— EXERCISE DATA —
+--

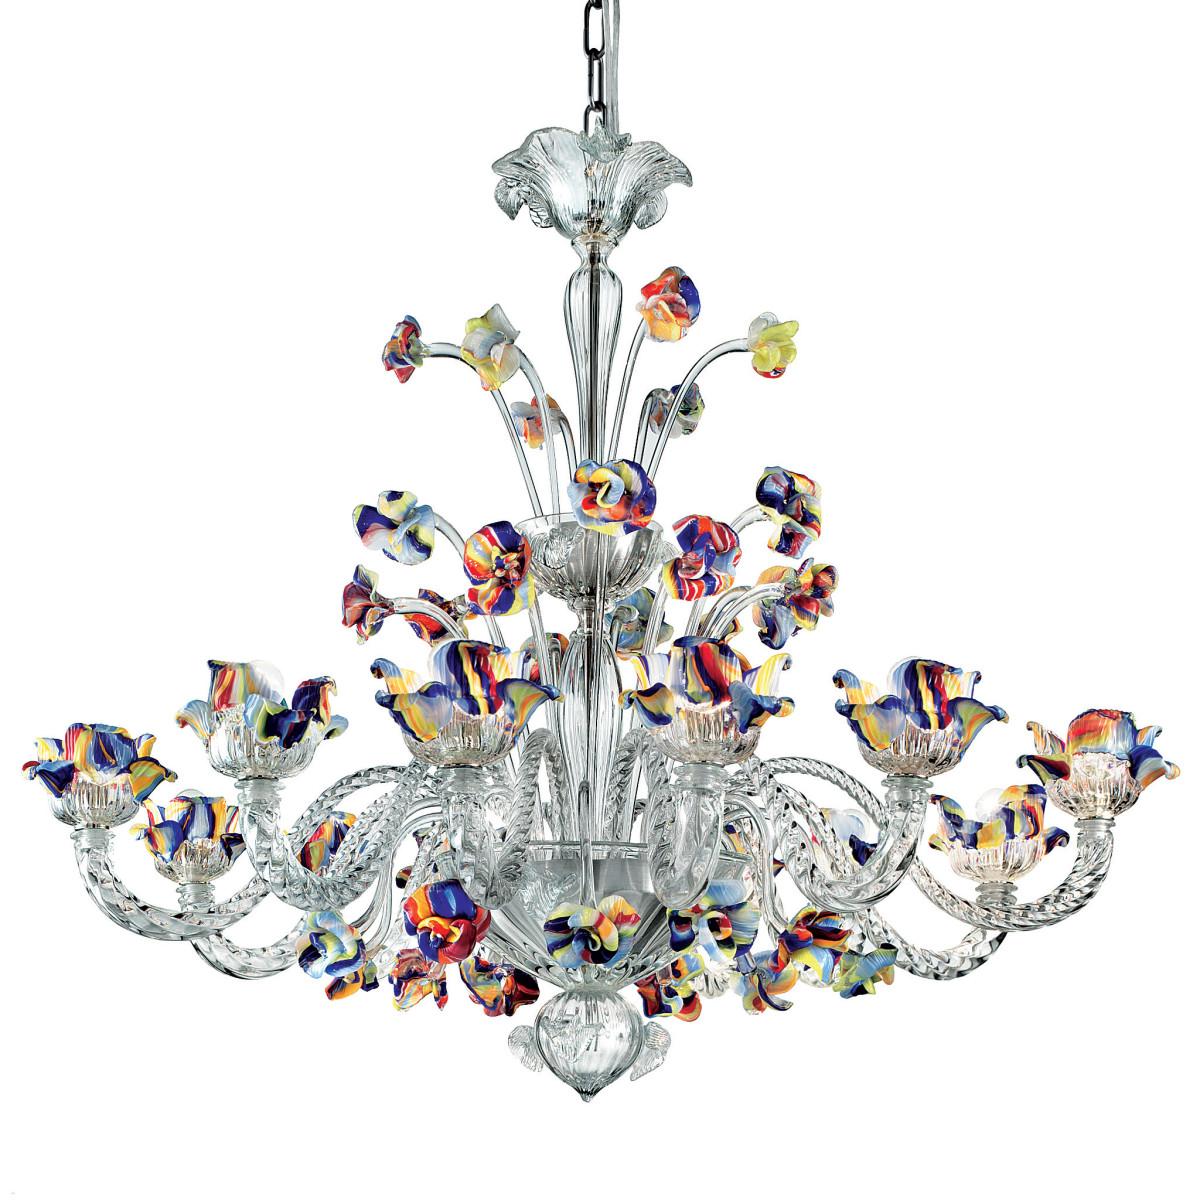 Cristallo 12 lights Murano chandelier - transparent polychrome color
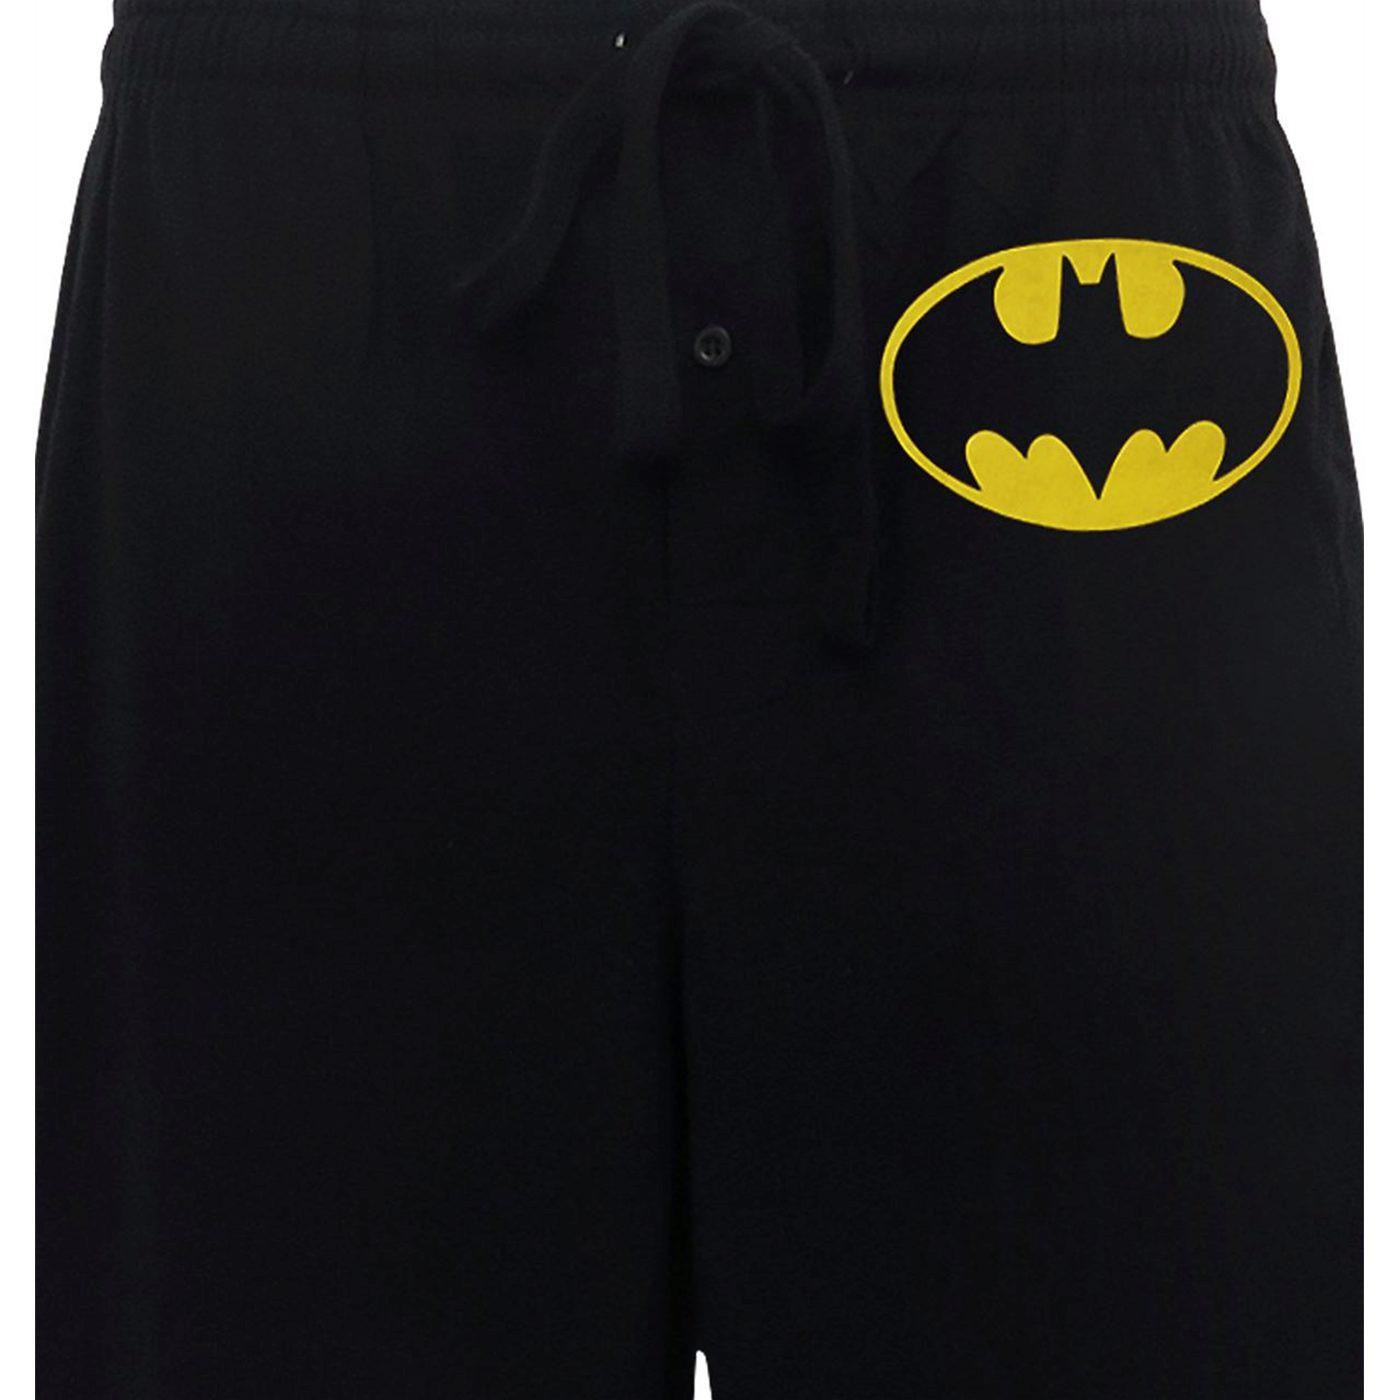 Batman Yellow Symbol Black Sleep Pants
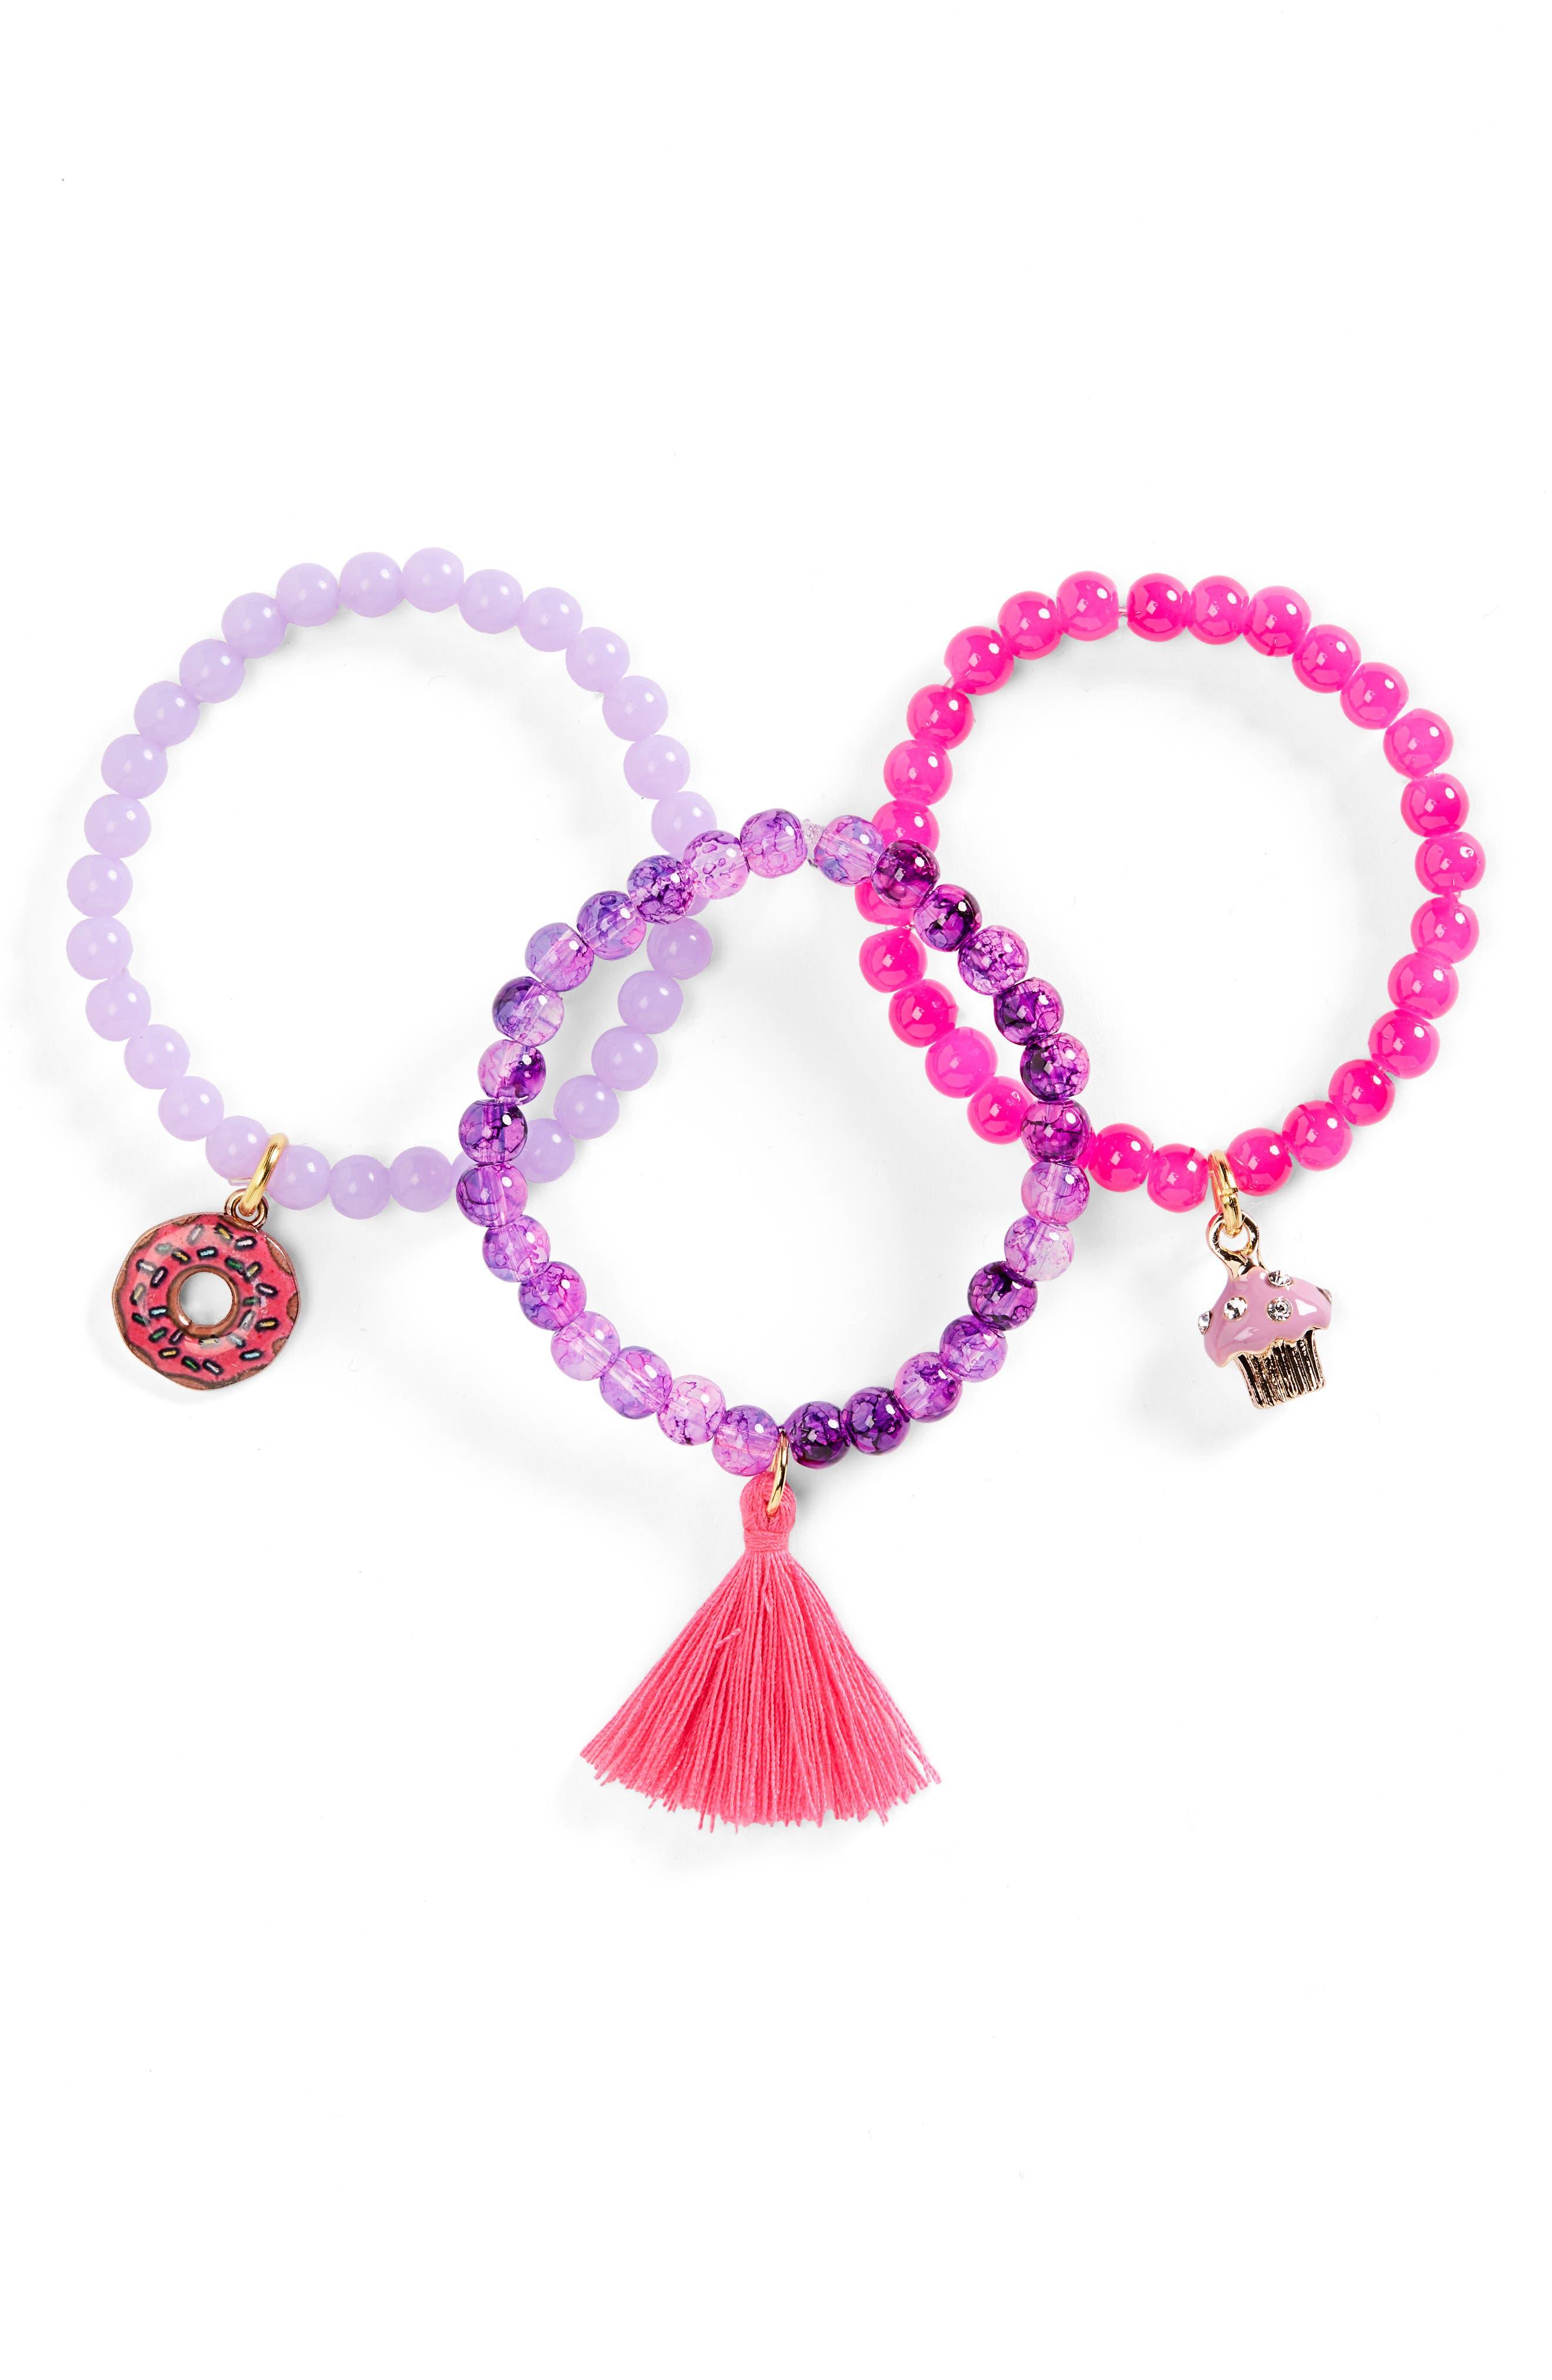 Set of 3 Beaded Stretch Bracelets,                         Main,                         color, PURPLE

+--

— WHAT THIS TASK INVOLVES —
The answer should hold every line of the listing, copied exactly, with no pictures.

— RESPONSE TO THIS EXERCISE —
 Cristallo 12 lights Murano chandelier - transparent polychrome color
 Batman Yellow Symbol Black Sleep Pants
 Set of 3 Beaded Stretch Bracelets,                         Main,                         color, PURPLE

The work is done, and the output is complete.